Other origin stories say that the only real Da Hong Pao tea comes from the varietal Bei Dou Yi Hao ("Big Dipper #1" or more poetically, "North Star #1"), "discovered" by a Da Hong Pao researcher named Yao Yue Ming, who spent much of his life trying to determine the origin of the original Da Hong Pao bush. He narrowed his search down to a few locations on Wuyi Mountain, including Bei Dou Peak, took cuttings from two bushes there which he named #1 and #2 after the location.

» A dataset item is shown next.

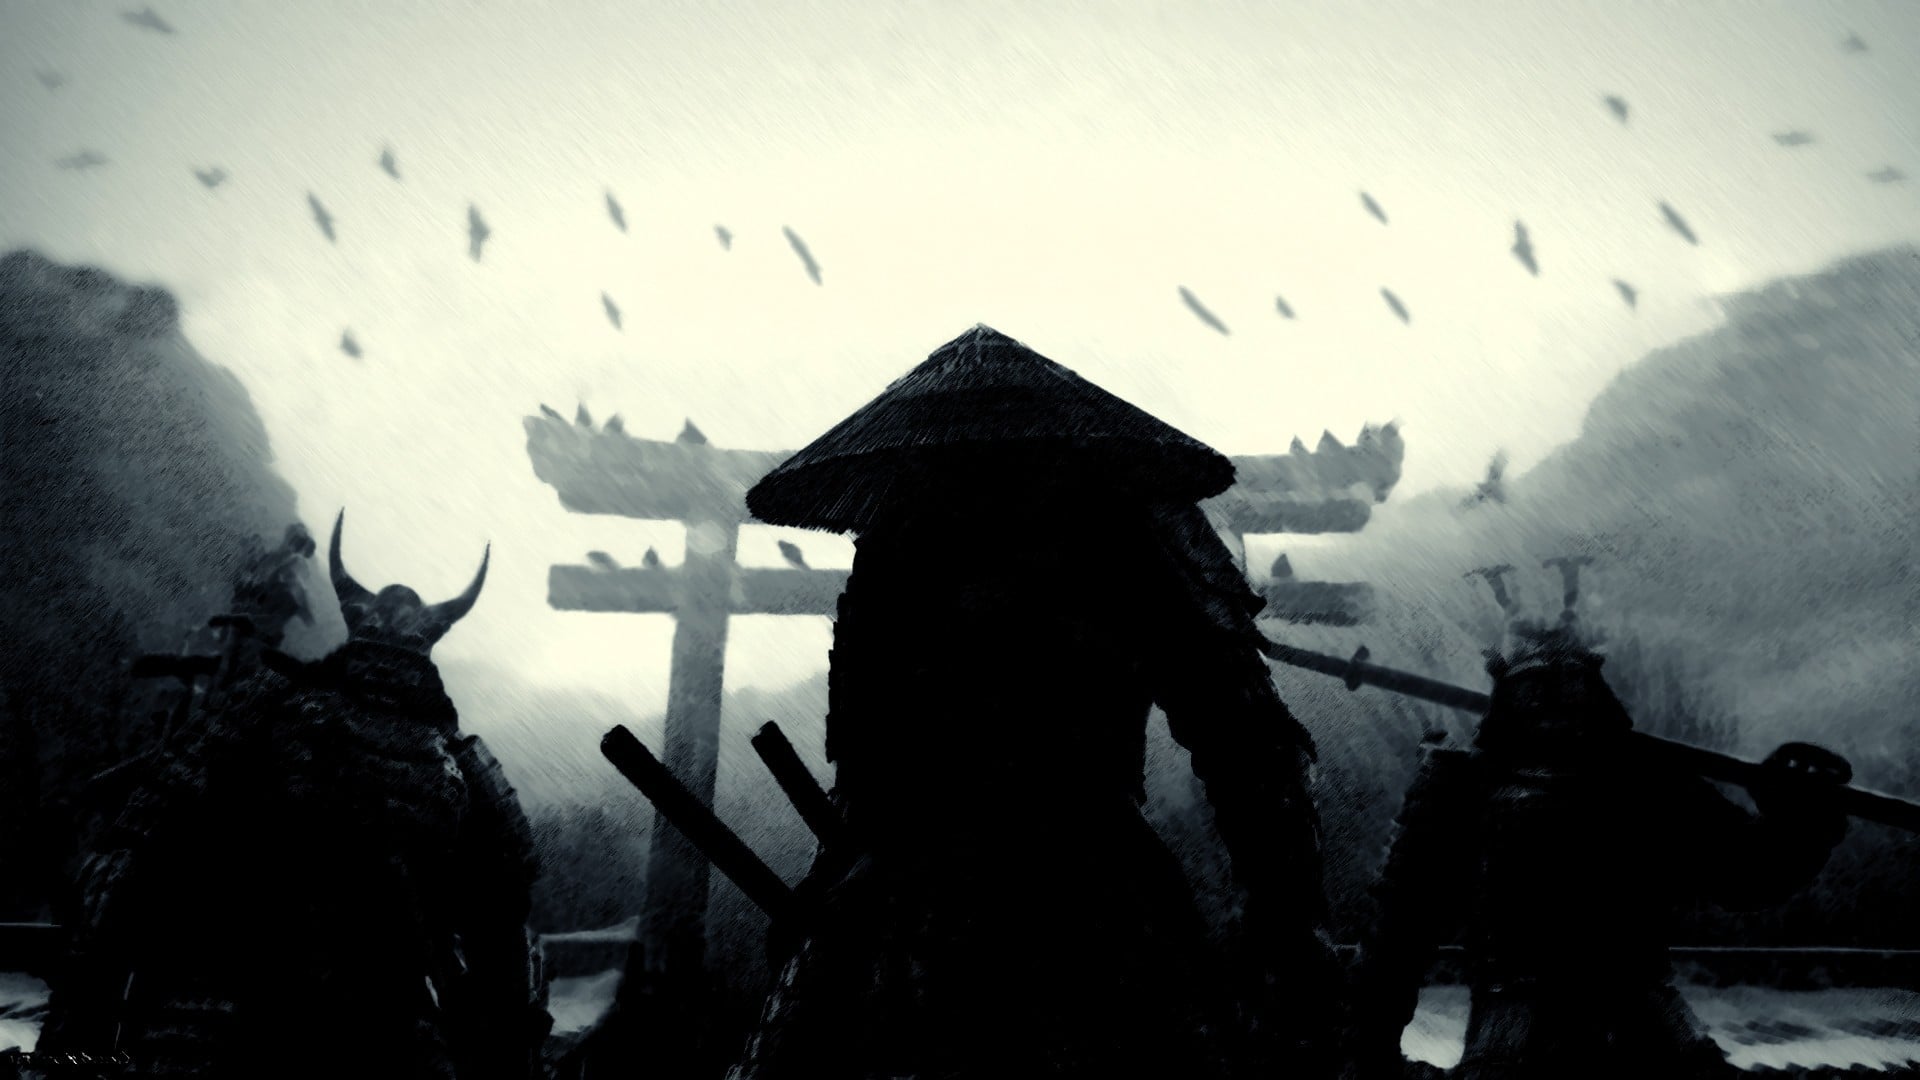 Samurai Wallpaper HD

More on his story as summarized by Guang of Hou De Asian Art here. Legends heaped upon legends, two stories of men saving the dying: one man the emperor via tea, the other man the very same tea bushes via his courage.

Excellent tea legendry aside, what Chinese tea wholesalers and retailers then do shows less magnificence and self-sacrifice. Much tea is passed off as Da Hong Pao that simply isn't. Some of it is crap; naming Da Hong Pao one of China's ten famous teas means it's often the only Wuyi oolong variety most Chinese can name, and much low grade oolong is made under the moniker of Da Hong Pao to supply the high demand for the tea.

Others passed as Da Hong Pao are blends, aspirations by the producer or vendor to balance the best aspects of their best teas, hoping for a gestalt. Yet others simply take their best Wuyi oolong and entitle it Da Hong Pao, as to say, "it doesn't get any better than this, folks!"

Yet other vendors, perhaps catering to a more elite or snobby tea clientele, tell customers that Da Hong Pao is just Bei Dou, quickly relate the story of Yao Yue Ming and explain that for this reason they sell Bei Dou and not Da Hong Pao.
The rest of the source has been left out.